Measure the optical density at 420 nanometers. Calculate beta galactosidase activity in a spread sheet as described in the text protocol. In this study, the promoter region of 2600 base pairs upstream from the start of the transcription start site was segmented into six regions or fragments.
This photo is an example of a well-grown and positive plate after day five of the protocol. In this representative result, DNA fragments one and four show positive interaction with the protein A and B complex. Upon the measurement of beta golactisidase activity, fragment one shows four fold induction of the reporter gene activity.

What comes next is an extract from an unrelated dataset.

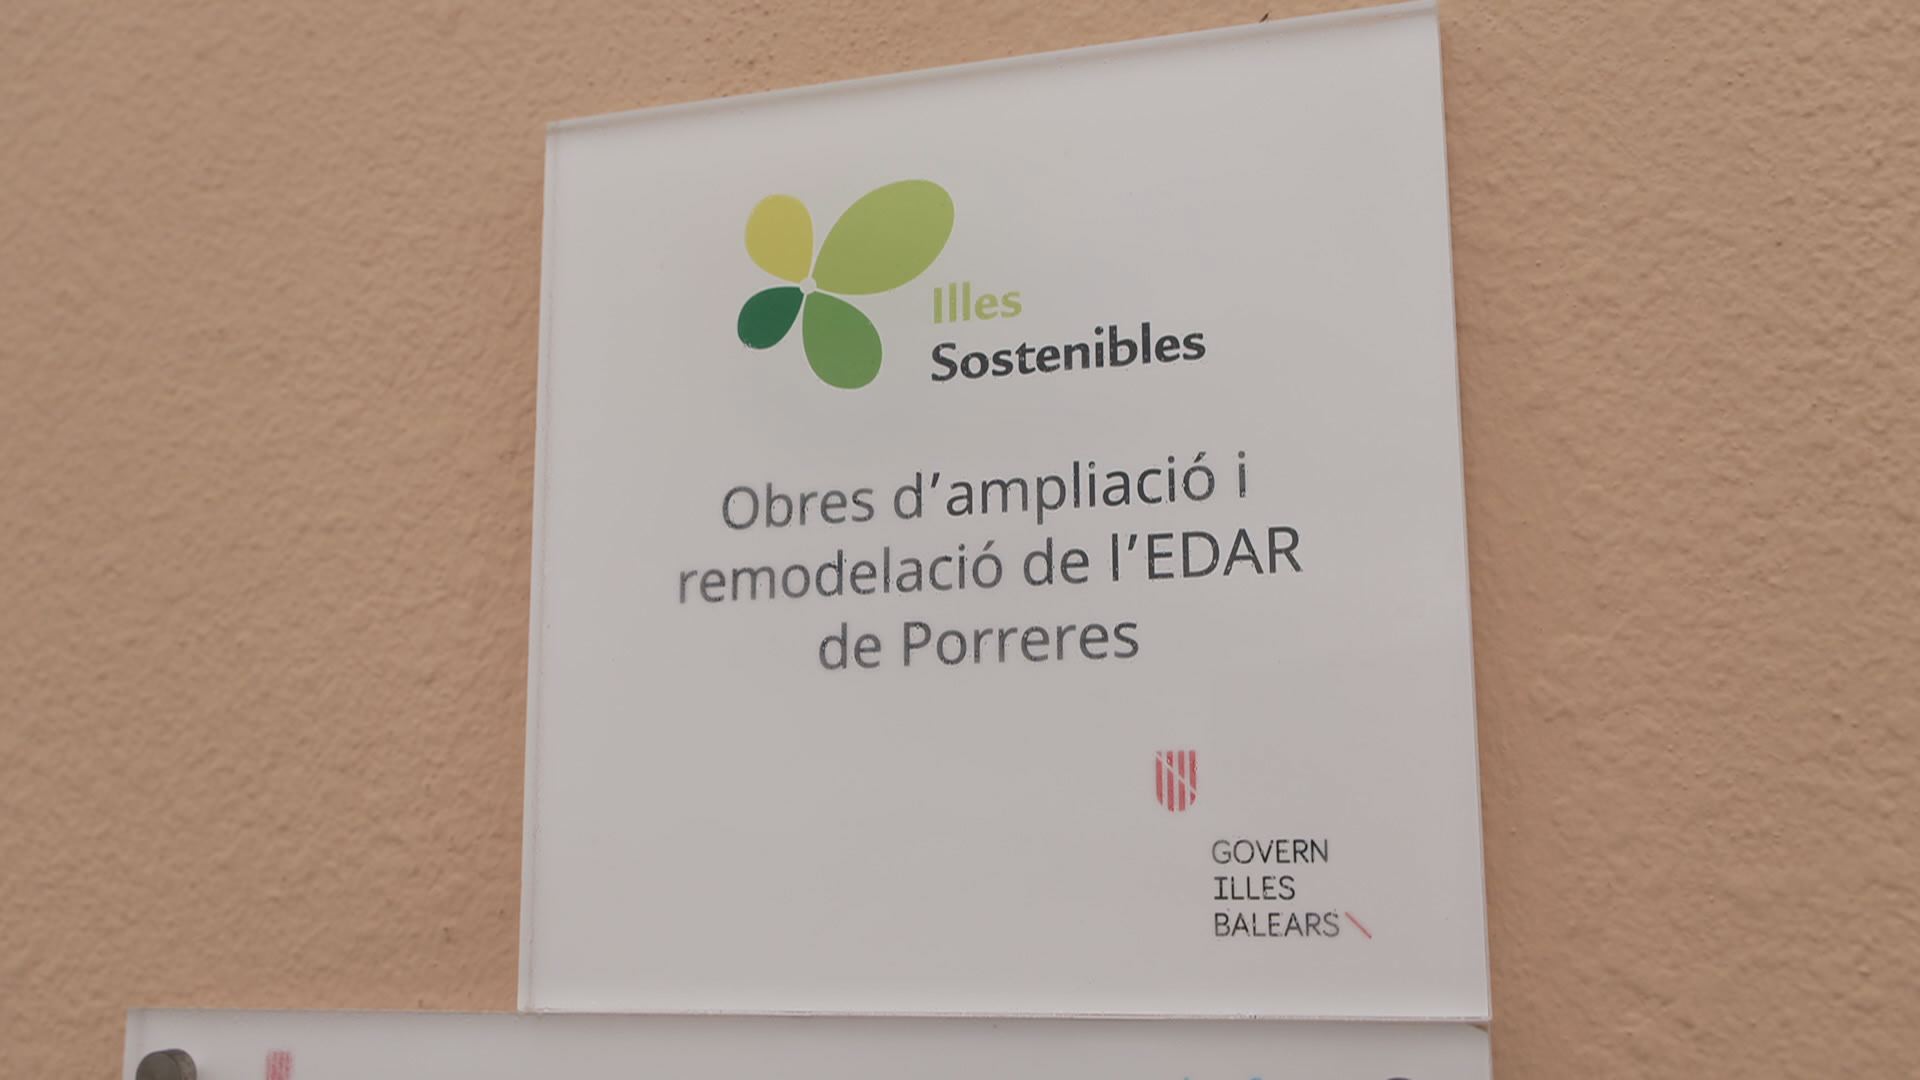 스페인 마요르카 포레라스 하수처리장에는 환경세를 통해 시설이 개선됐다는 안내문이 붙어있다.
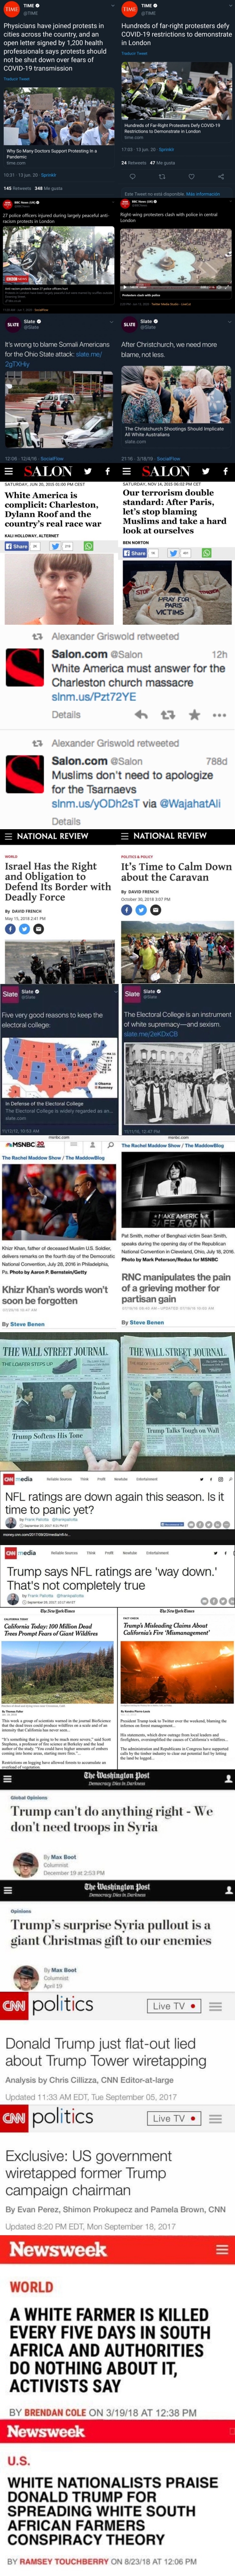 hypocrisy of the mainstream media

It is important to remember that this procedure is recommended for obtaining information on DNA regions only after the confirmation of the proposed protein protein interaction and is not designed to provide information of target sites. Following this procedures, other methods, such as chip assay and Msar can be preformed in order to answer additional questions. For example, identifying the target sites in vivo.
After watching this video, you should have a good understanding of how to test and validate the role of multimeric protein complexes binding to a common DNA target.